With that in mind, it should be considered that this year’s inaugural rankings are preliminary – a pre
view of what is to come should that debate not be held.

An alternative would be to look at the wider innovation offering from a university, rather than the metrics being simply a checklist of easily tallied output. In some parts of the world, spin-outs are dwindling while student startups soar, underlining the need to factor in startup rate, incubator support and survival rates for both startups and spin-outs. Another point to consider is a university’s research budget, how much research it produces and at what quality, and how much of that goes on to have a direct impact through knowledge or technology transfer. From a financial viewpoint, what does a university’s activities have on the local economy, and how much does a country’s university system add to its whole economic output? What funding is available by way of grants, seed funds and university venture funds, and what does the angel and venture capital support for a university look like in comparison with others?

Then purely on a tech transfer level, current metrics should still have a place, but other activities need to be considered. How does a TTO’s academic-industry relations look in comparison with others and, in turn, what support and training does it offer its academics on where their papers may go once published, and how do the academics rate a TTO’s performance? Does a TTO market itself effectively internally and externally? Does it co-operate with other universities to achieve its mission of converting tax payer-funded research into the wider market? What are the failure rates of inventions and patent applications, and what steps does a TTO take to feed that information back into a university’s research ecosystem and help shape future research outlook?
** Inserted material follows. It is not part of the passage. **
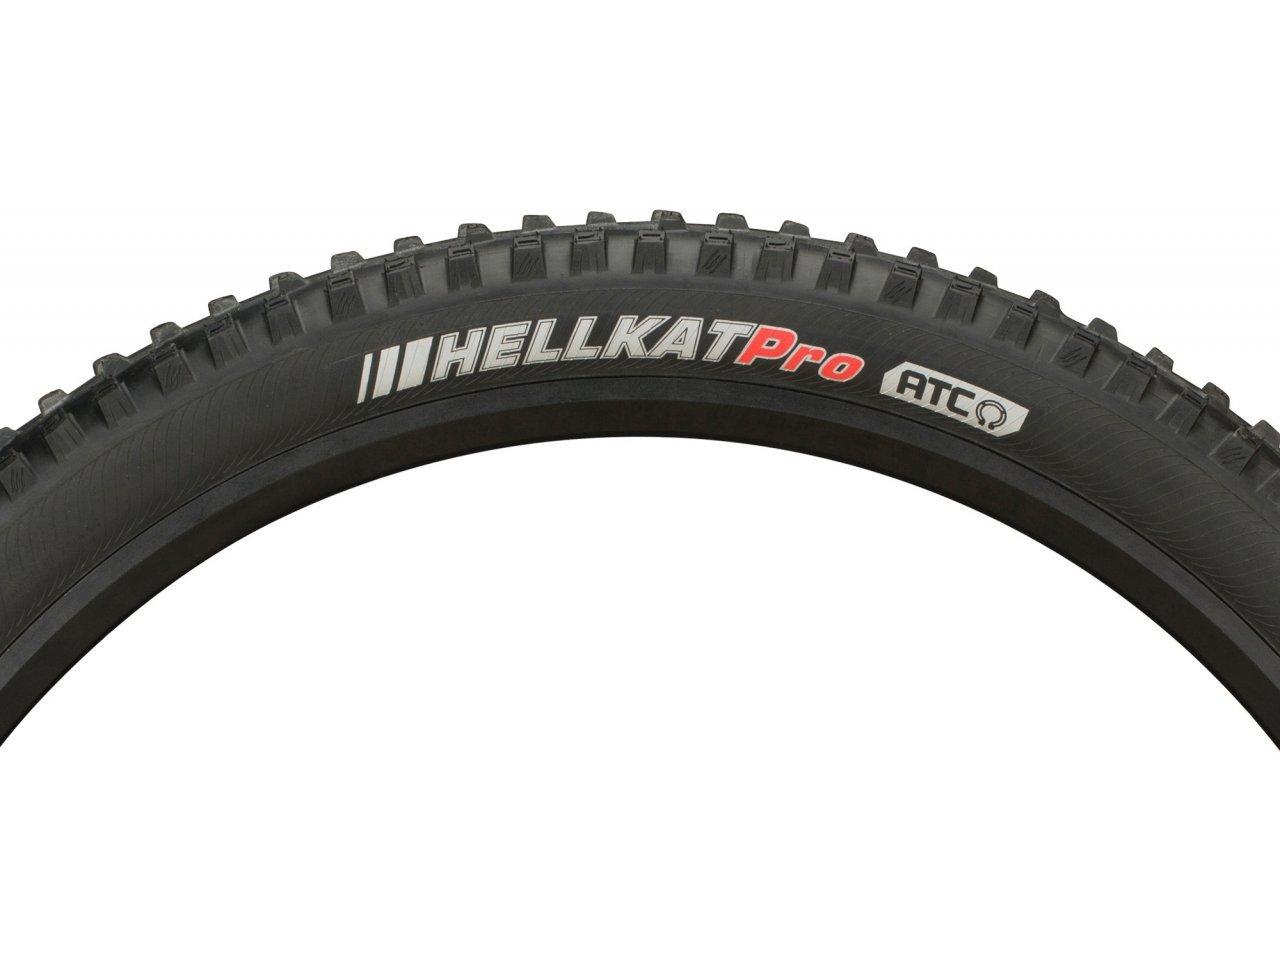 Pneu Bike Downhill Enduro Kenda 27.5x2.40 Hellkat Pro ATC Kevlar Tubeless

When these questions, and others like them, begin to be answered, a ranking goes beyond simply asking who has the  biggest numbers. It creates a pretext for a discussion of what is important to university innovation that both academics and industry can feed into. It shares a set of common values and best practice for tech transfer to strive towards, and allows those with smaller yet more effective operations to shine alongside their larger contemporaries. Crucially, it helps formulate a vision of how to stimulate innovation that all universities can work towards.

Notes on Global University Venturing rankings
 
The rankings were calculated by:

  • Taking from the combined ranking the top 25 universities for which we could obtain statistics.
  • Ranking each institution by individual metrics from 1 to 25. For any institution that could not provide a statistic in a certain category – for example, Stanford outsources its patenting activities while Imperial Innovations does not provide revenues made specifically from technology transfer activity with its financial data – universities were ranked or jointly ranked in last place for that category.
  • An average of scores in each category was calculated and used to award a ranking position. 

The 25 universities that made the final table were not necessarily in the top 25 of the combined world rankings. The reason for this is that some of the universities in the top 25 – for example, Karolinska, Yale and Tokyo – neither provide statistics online nor responded to our requests for information.